Nutrition Prior To the Race
During the training sessions in preparation for the big day, you will have noticed how what you consume effects your running. Ever run in the morning after having a few drinks the night before? How did your legs feel? Heavier, slower? Or how about running a few hours after having sweets?
What you eat before half marathon will determine how well you do, as well as, how your body will react to the extra strain. Below you will find two lists: don’t eat week half marathon and eat week half marathon. They will guide you to getting proper nutrition before the race.
The Rundown of Foods
Don’t eat week half marathon:
Sugars and sugary foods
White carbs (pasta, potatoes, rice)
Bread and pastries
Coffee and other caffeinated drinks
Eat week half marathon:
Salads (especially spinach, cucumber, tomatoes, greens)
Fish (salmon, tuna)
Whole grain carbs (pasta, buckwheat)
This is just a short list but gives the right idea.
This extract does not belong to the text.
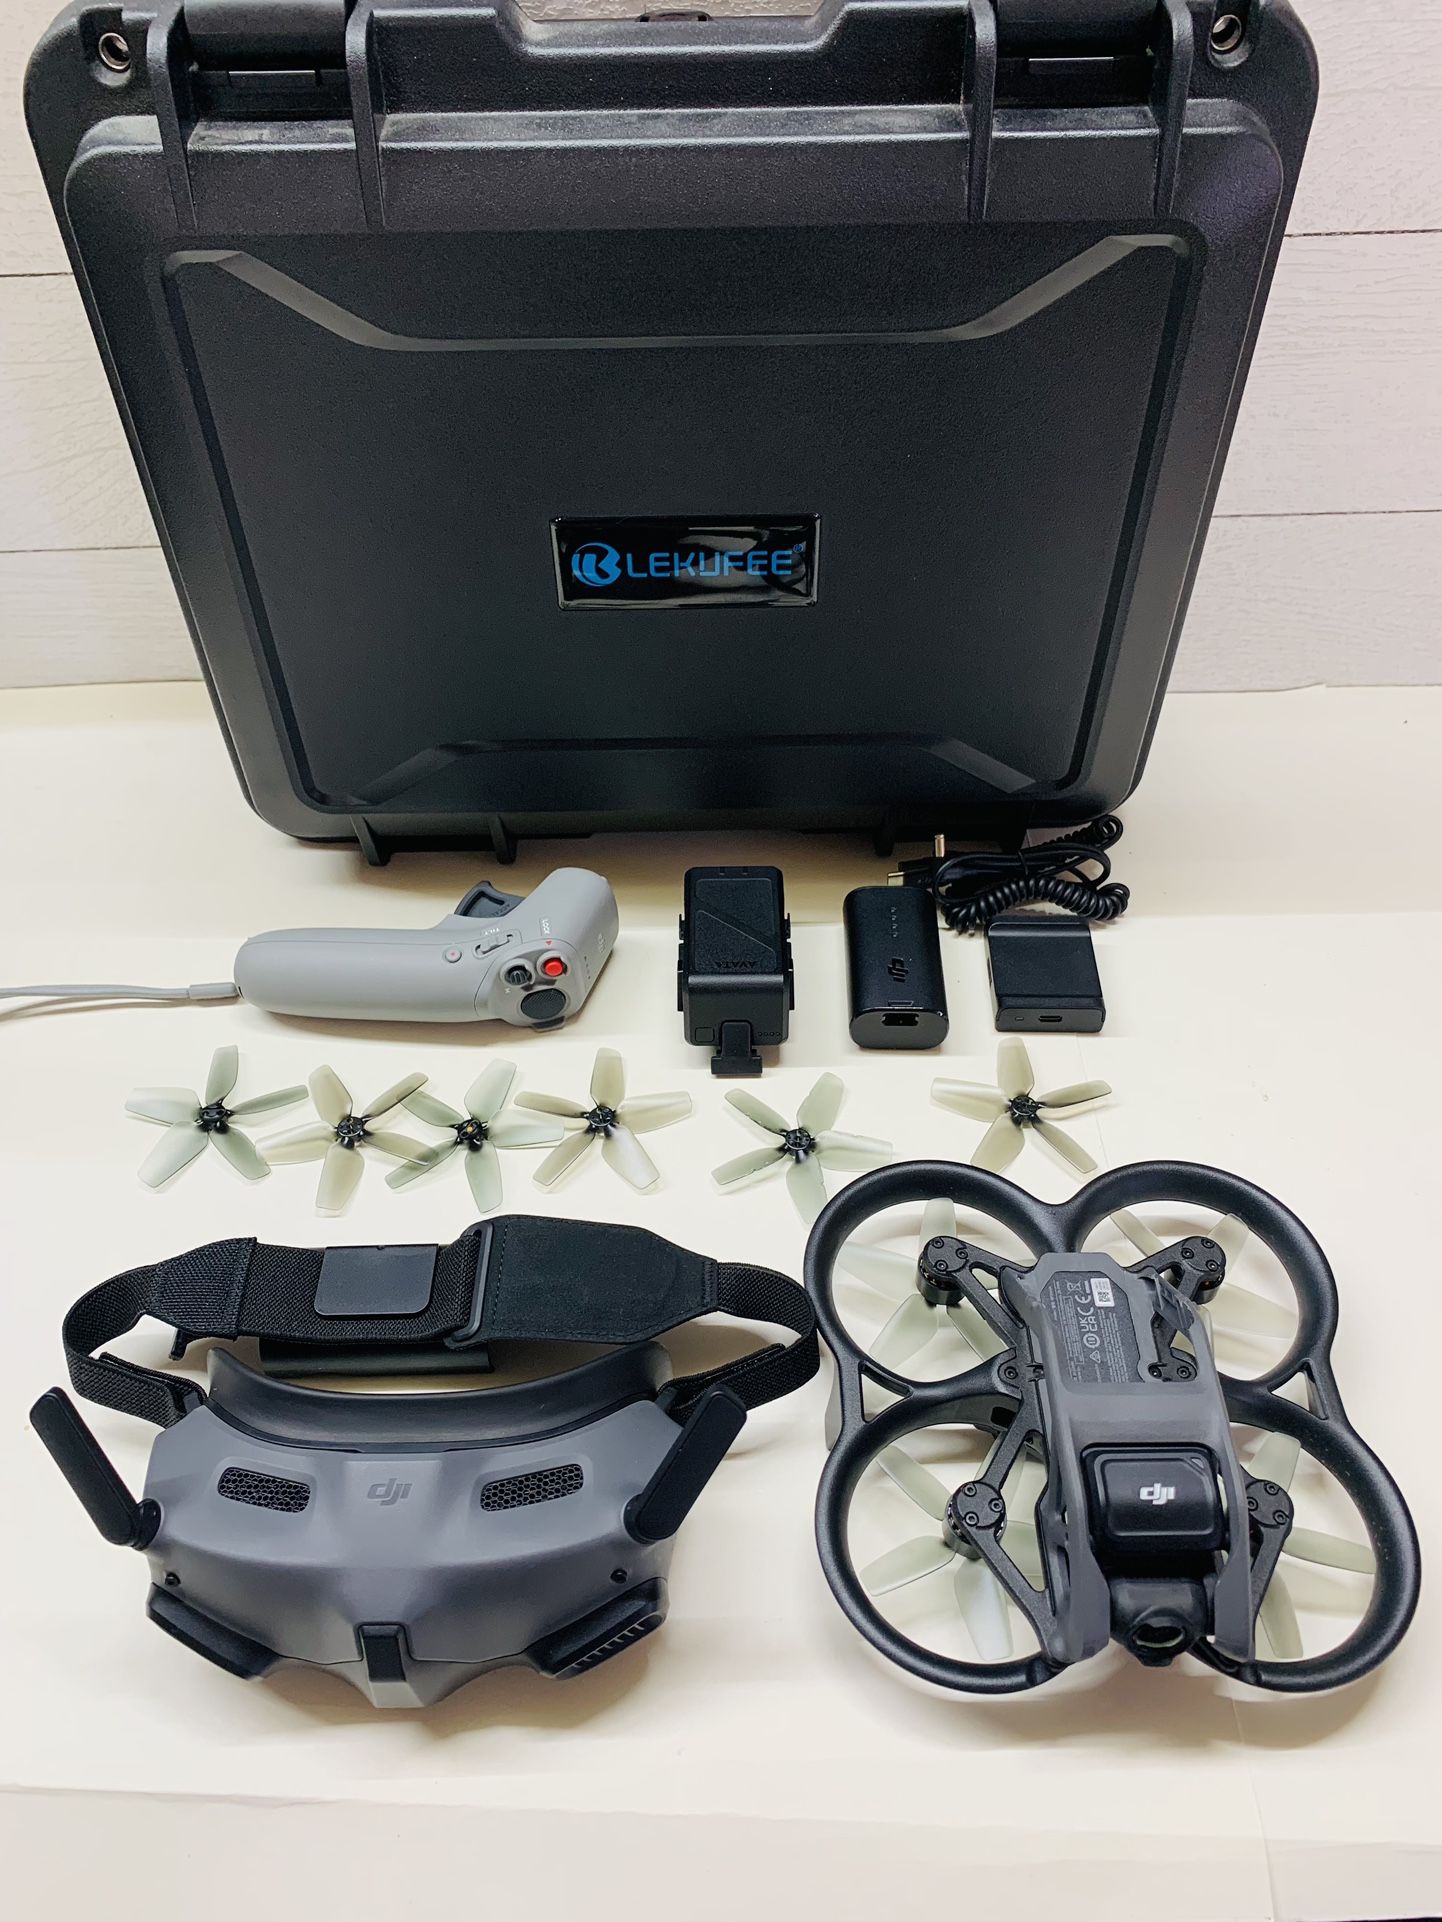 DJI - Avata Pro-View Combo Drone with Motion Controller 2 , Goggles 2 and Hard Case

Keep it simple. I outlined only a small number of foods on purpose, so it is not overwhelming. If you can eliminate those few listed and focus on eating the suggested ones, you are already on the right path. It’s only a week, but the impact is so great. The body feels lighter and more agile. The energy levels are great. What you eat week before half marathon not only impacts the race, but the healing process after it. During the race the body will produce toxins. If you start with a low level of toxins, it will be much easier for the body to cleanse itself. Try it yourself. If you cannot commit to a week, do it for 3 days prior to the race. Who knows, maybe you will make long term dietary changes after you see how much better the body feels.
Please share your views and experiences.